# knit shop in La Jolla, CA



## marimom (Aug 27, 2011)

Does anyone out there know of a nice knit shop in or close to La Jolla, CA? I will be in the vicinity next week and I like to frequent lys's.


----------



## Gini_knits (Apr 3, 2013)

Try knitmap.com as they will show you all yarn/knit shops in the area


----------



## marimom (Aug 27, 2011)

thank you so much.



Gini_knits said:


> Try knitmap.com as they will show you all yarn/knit shops in the area


----------



## patocenizo (Jun 24, 2011)

I'd like to know if you come across one because we will be there in mid October. I'll be keeping my eye on this one post. Thanks.


marimom said:


> Does anyone out there know of a nice knit shop in or close to La Jolla, CA? I will be in the vicinity next week and I like to frequent lys's.


----------



## marimom (Aug 27, 2011)

I ended up using google and found few in the area; I will let you know if I get to any of them.


----------



## Merrilie (Aug 27, 2013)

The Needlecraft Cottage is a place we went last year while on vacation. It's near Pacific Beach. It has a nice selection and you should check out their selection of Baah Yarns


----------



## JudyK (Jul 4, 2012)

Merrilie is correct--Needlecraft Cottage in Pacific Beach is the closest yarn store to La Jolla. PB is just south of La Jolla. It is on Grand Ave, just a block east of the beach. It is run by some very nice and helpful women. There are 2 yarn stores in Encinitas, as well. Encinitas is up the coast about 15 miles and definitely worth a visit as it is a lovely beach town. The Black Sheep is on the main road, just north of the Self-Realization Fellowship Meditation Gardens, which should be a go-to place for all out of towers.

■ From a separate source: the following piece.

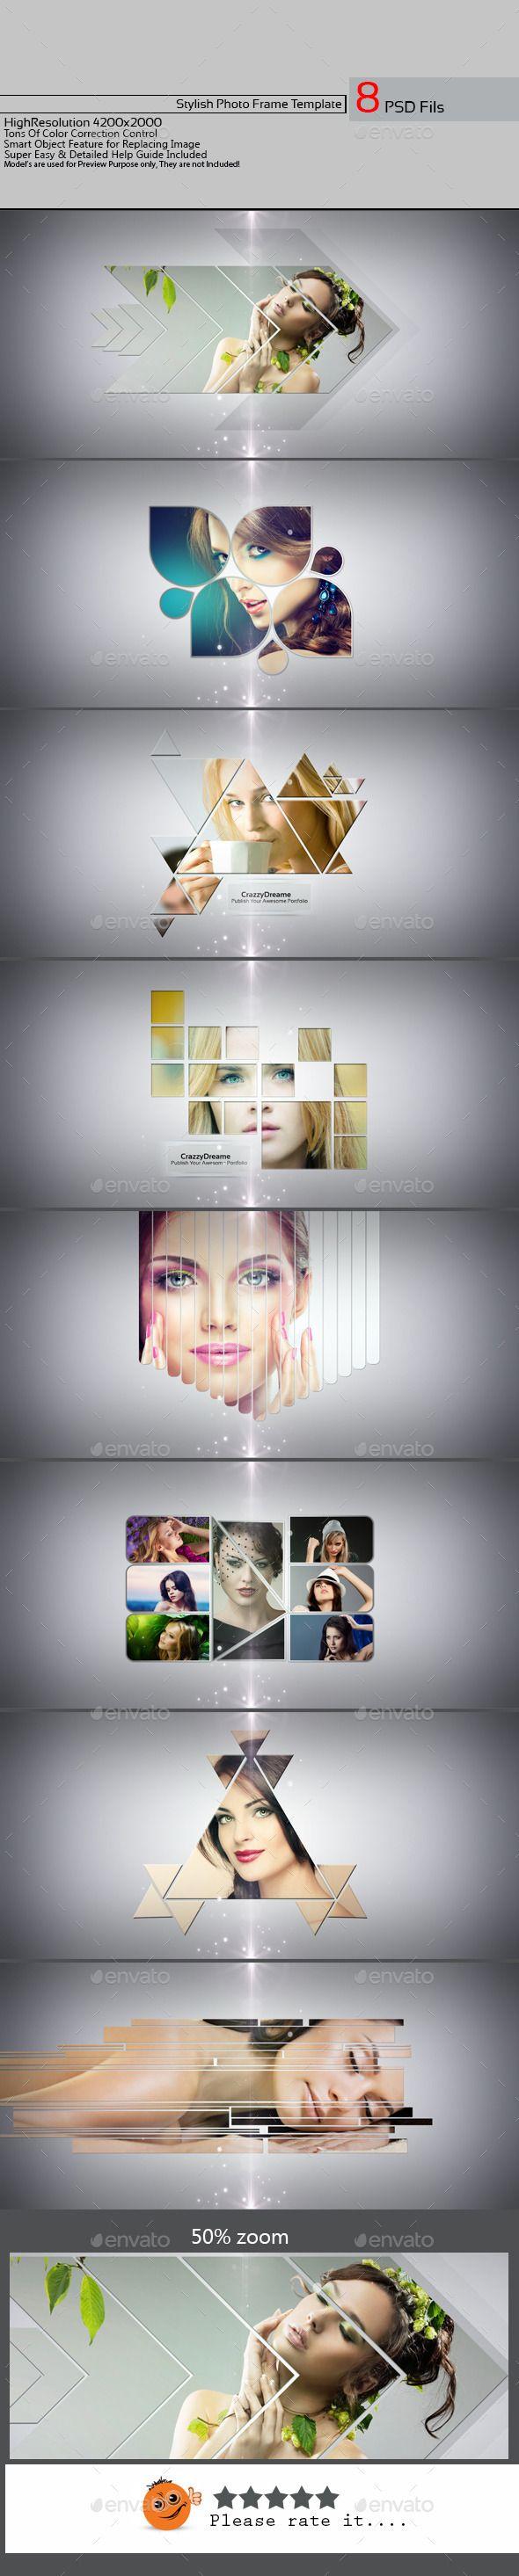 Stylish Photo Frame Template PSD Download: http://graphicriver.net/item/stylish-photo-frame-template-v01/11470560?ref=ksioks

It is a gorgeous garden overlooking the Pacific, and open free to the public. Common Threads is another Encinitas yarn store which has recently moved east a few miles. Enjoy your trip to our beautiful city!


----------



## Mollie (Feb 23, 2011)

Sorry I can't help you out. There's Black Sheep in Encinitas but that's north of La Jolla.


----------



## knit6purl6 (Apr 17, 2013)

Marimom, If you are going to be in San Diego between Sept 18 and Sept 21, there will be a yarn crawl which includes yarn stores and 2 alpaca ranches http://sandiegoyarncrawl.com/


----------



## marimom (Aug 27, 2011)

thanks to everyone who responded. as it goes, we went up to Julian on Sunday and found a little shop there. since I believe in supporting lys, I purchased a ball of yarn there. selection was slim.


----------



## marimom (Aug 27, 2011)

I read about the yarn crawl but will be home in Tucson by then. thanks anyway.


----------



## marimom (Aug 27, 2011)

big change in plans; lucky me. dh gave me a credit card and drove me to the black sheep yesterday on our way to seal beach. what a store size and yarn wise. spent $$$ and have exquisite yarn for a shawl that I could never have found in Tucson, yarn for a baby cardi and a ball of sock yarn that they do sell in Tucson.
so I thank you (and my dh thanks you)!



JudyK said:


> Merrilie is correct--Needlecraft Cottage in Pacific Beach is the closest yarn store to La Jolla. PB is just south of La Jolla. It is on Grand Ave, just a block east of the beach. It is run by some very nice and helpful women. There are 2 yarn stores in Encinitas, as well. Encinitas is up the coast about 15 miles and definitely worth a visit as it is a lovely beach town. The Black Sheep is on the main road, just north of the Self-Realization Fellowship Meditation Gardens, which should be a go-to place for all out of towers. It is a gorgeous garden overlooking the Pacific, and open free to the public. Common Threads is another Encinitas yarn store which has recently moved east a few miles. Enjoy your trip to our beautiful city!


----------